The Greeks are facing a stark choice. They can say yes to the terms of the European bailout – in which case they face a life sentence of harsh austerity under the watchful eye of European technocrats who’ll basically be telling their government what to do. Or they can say no – in which case they face a life sentence of harsh austerity, but at least they’ll be in charge.
Democracy is messy. And now it’s messing up the best-laid plans of the elites. They’re beside themselves that Greek Prime Minister George Papandreou would dynamite their rescue plan by calling a referendum. Consult the people? What could he be thinking?
Mr. Papandreou was no doubt thinking of his own survival. All around the country, Greeks are saying ochi (no). Forcing nasty medicine down their throats against their will is a good way to be kicked out of office. Besides, the salvage plan was likely to be dynamited anyway. The current government may not survive the week. The next one could be far more hostile to the European Union’s idea of a cure.
The premise of Europe’s financial system was fatally flawed from the start. It assumed that culture didn’t matter. It assumed that Europeans could be made as interchangeable as euros and that, eventually, they’d all behave like Germans. But now, every cultural stereotype has turned out to be true. The profligate Greeks and Italians are in hock up to their eyeballs to the thrifty, industrious Germans and Finns. The good burgers of Hamburg would be quite happy to let Greece sink to the bottom of the Aegean. But they can’t afford to see their own banks and pension funds sink with it.
Europe wouldn’t be in this fix if the banks hadn’t lent the Greeks all that money in the first place. Both Europe’s sovereign debt bubble and the U.S. housing bubble were caused by reckless lending to feckless borrowers living way beyond their means. In the U.S., government-approved mortgage lenders peddled subprime mortgages to people who couldn’t possibly repay. Nobody noticed these mortgages were worthless until house prices collapsed, lenders foreclosed and taxpayers were forced to bail out the banks.

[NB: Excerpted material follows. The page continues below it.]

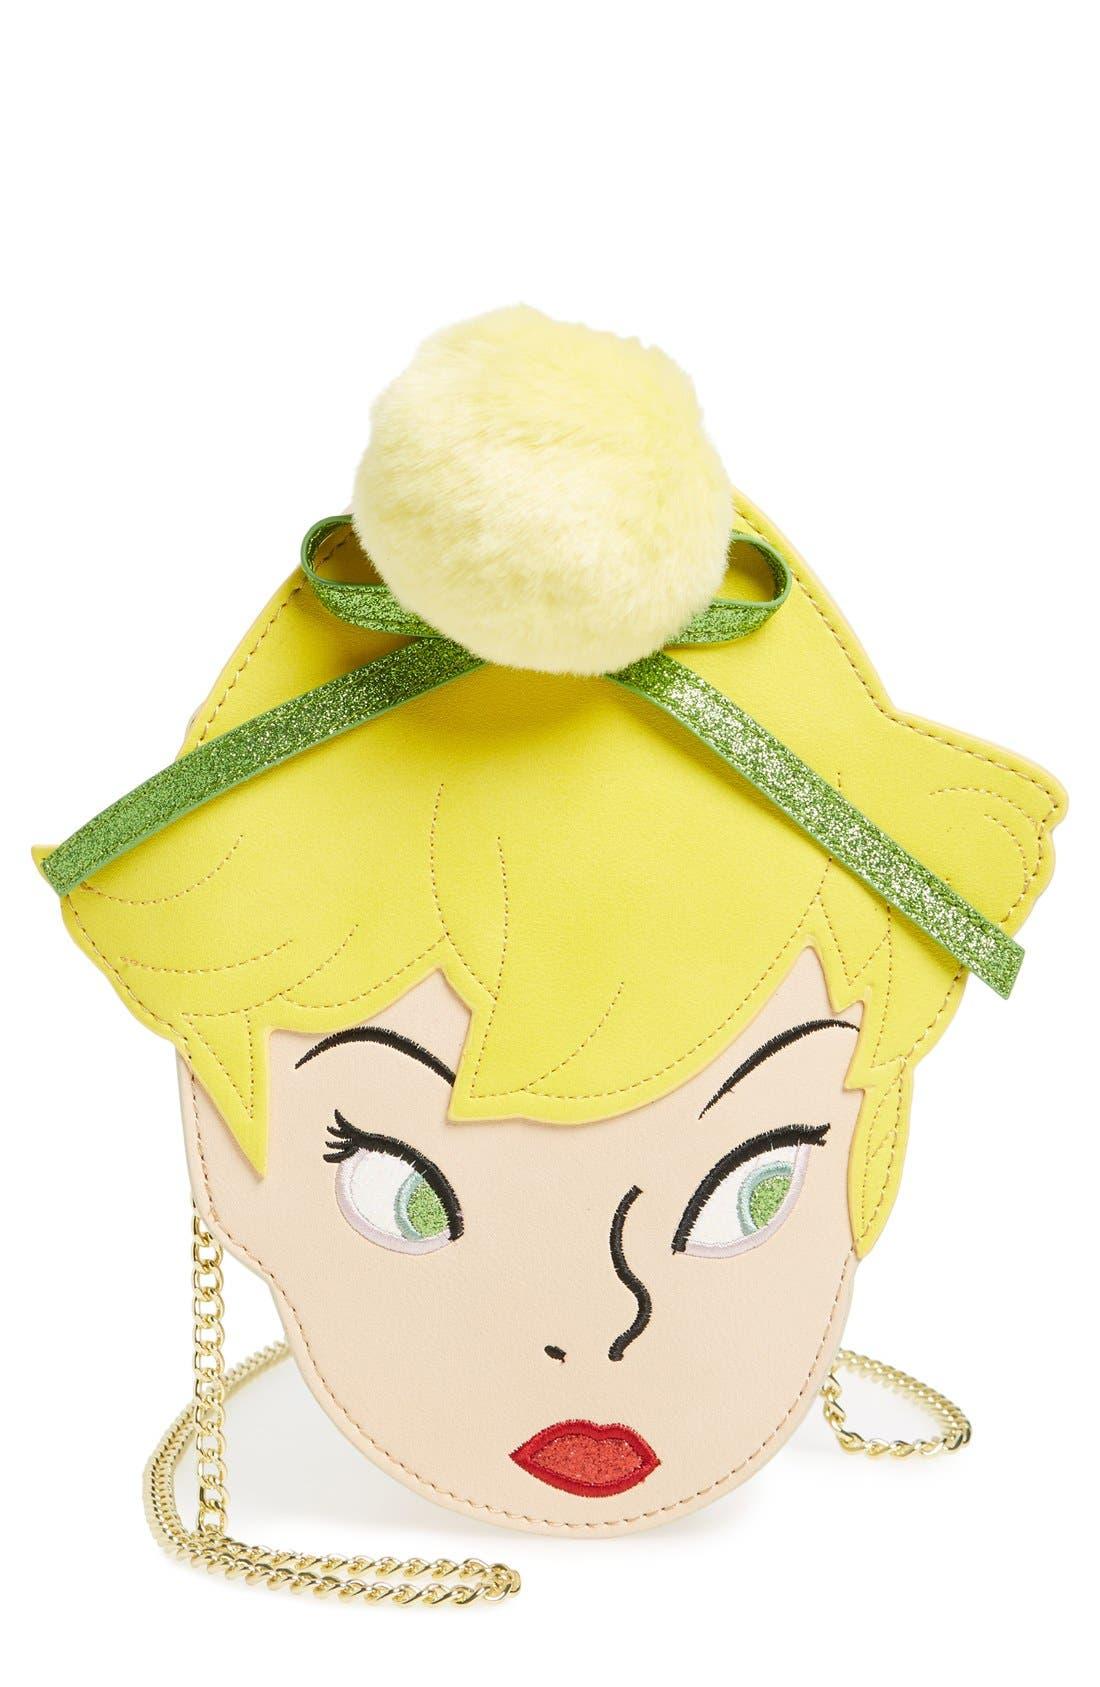 Main Image - Danielle Nicole x Disney® Tinker Bell Faux Leather Crossbody Bag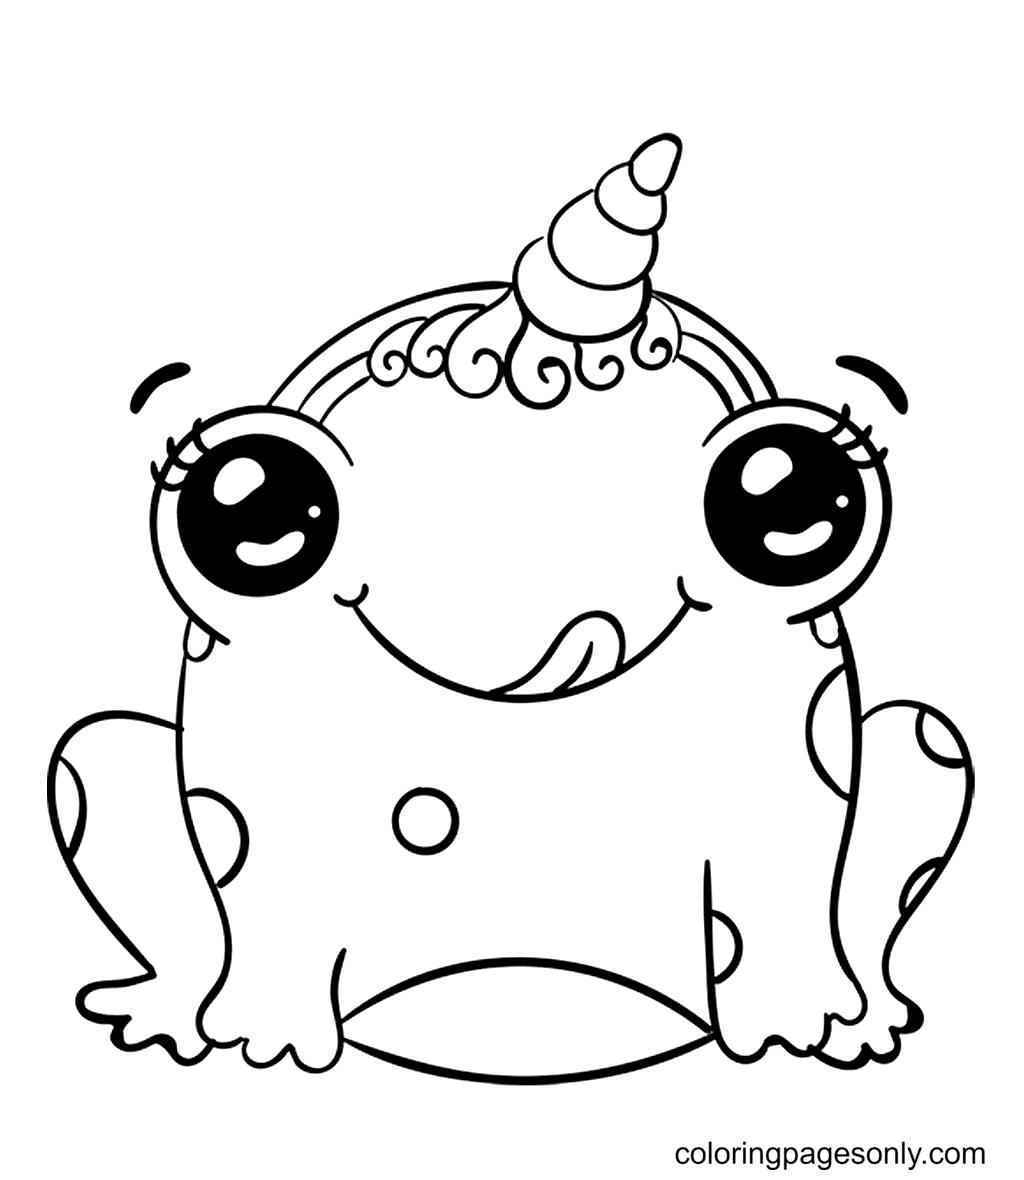 Frog Kawaii Coloring Page

Greece was the subprime borrower of Europe. The banks didn’t think too hard about how solvent it was. In retrospect, perhaps they should’ve been more worried about a country where 40 per cent of the workers are on the public payroll, and envelopes of cash for bribes are the normal way of doing business. Tax evasion is practically a duty. The Greek government cooked the books for years as the EU turned a blind eye. Once again, taxpayers are on the hook for the banks’ mistakes. The only upside is that the Europeans have stopped lecturing the Americans.
There’s no quick fix for this debacle. There may not be a slow fix, either. Austerity plans may look fine on paper, but you can’t always make them stick. You can’t turn a nation of tax evaders into tax compliers overnight – especially when the tax collectors go on strike.
And Greece is just a tiny country. What about Italy? The Italians are €1.9-trillion in debt, and they aren’t about to give up their perks, either. Italy has more than half a million pensioners who retired under the age of 50. They will spend an average of 40 years in retirement, and they cost the system $13-billion a year. But what politician is going to cut them off? The government is propped up by a deeply entrenched jobs-for-votes system that is as Italian as spaghetti. Even tiny villages have dozens of people on the payroll to do non-existent jobs, paid for by the central government. Reducing the number of these people, or their salaries, is unthinkable. It’s exceedingly unlikely that the Italians will allow a bunch of Eurocrats to destroy their way of life. And Italy is far too big to fail. Therefore, the Italians, like the Greeks, will be inclined to tell the Eurocrats to go to hell.
Too bad about the euro. It was such a nice idea, until the people got in the way.